Among the fossil fuel expansion projects RBC is funding is the Coastal GasLink fracked gas pipeline, which is being built across the heart of unceded Wet’suwet’en territory in modern-day British Columbia. The project has been embroiled in conflict for years, largely over the question of Indigenous sovereignty, with opposition from Wet’suwet’en hereditary chiefs but signed agreements from most of the First Nation’s elected band councils. At its Annual General Meeting on April 5, RBC reportedly shut out an Indigenous delegation, which included Wet’suwet’en hereditary leadership, from the main meeting room and even threatened Indigenous leaders with arrest.

“It is clear that we can no longer simply trust bankers to do the right thing on climate change or Indigenous rights,” Keith Stewart, senior energy strategist with Greenpeace Canada, which was not involved with the report, told DeSmog. “Asking politely will only lead to us continuing to be played for suckers by the big banks. Canada is currently legislating a requirement for auto manufacturers to phase out gasoline-powered cars in favor of electric vehicles, and now our federal banking regulators must similarly require banks to phase out fossil fuel finance while ramping up support for clean energy.”

Courts could be another avenue to compel big banks to change course. A Greenpeace Canada report released last month highlights the growing legal risk facing banks globally for failing to act on their climate promise, warning that Canadian banks may be on notice or subject to future litigation as they continue to heavily finance fossil fuels. The mismatch between Canadian banks’ words committing to climate action and their behavior ramping up fossil fuel financing raises greenwashing concerns, the report says. BNP Paribas — the top fossil fuel financer in Europe — is already the target of the world’s first climate lawsuit against a commercial bank.

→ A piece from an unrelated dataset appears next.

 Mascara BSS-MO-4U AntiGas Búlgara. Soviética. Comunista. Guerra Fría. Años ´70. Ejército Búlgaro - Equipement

Growing calls for banks to end fossil fuel financing

Banks are facing heightened scrutiny and mounting pressure over their ongoing financial support for a sector that is destabilizing the climate and considered to be in long-term decline. UN Secretary General António Guterres has referred to fossil fuels as a “dead end” and explicitly called upon financial actors to help facilitate the energy transition. In a video message to a sustainability conference in late March, Guterres called for all financial institutions “to publicly present credible and detailed plans to transition their funding from fossil fuels to clean energy with clear targets for 2025 and 2030.” That entails an immediate end to any coal financing and plans to phase out oil and gas finance, he said.   

Just this week, more than 1,300 scientists signed onto a letter urging JPMorgan Chase shareholders to vote for a resolution at the bank’s upcoming Annual General Meeting requesting the board adopt a policy to ramp down financing of fossil fuel expansion.

Several progressive Democrats in Congress are making similar asks of major financial institutions. Sen. Ed Markey (D-MA) and Reps. Ayana Pressley (D-MA) and Rashida Tlaib (D-MI) recently reintroduced legislation, the Fossil Free Finance Act, that directs the Federal Reserve to mandate that big banks halve their financed emissions by 2030 and end them by 2050. And last month, thousands of people led by Americans over age 60 rallied in 30 states and the capital to “stop dirty banks” in a movement organized by the climate campaign group Third Act. “It’s no accident that the March 21 protests were the biggest day in the streets for the climate movement in a while,” said McKibben, the founder of Third Act, which organizes older Americans to take climate action and protect democracy. “People are understanding that we have to pull the lever marked ‘politics,’ but also the one marked ‘finance.’ They’re the only two levers big enough to really matter.”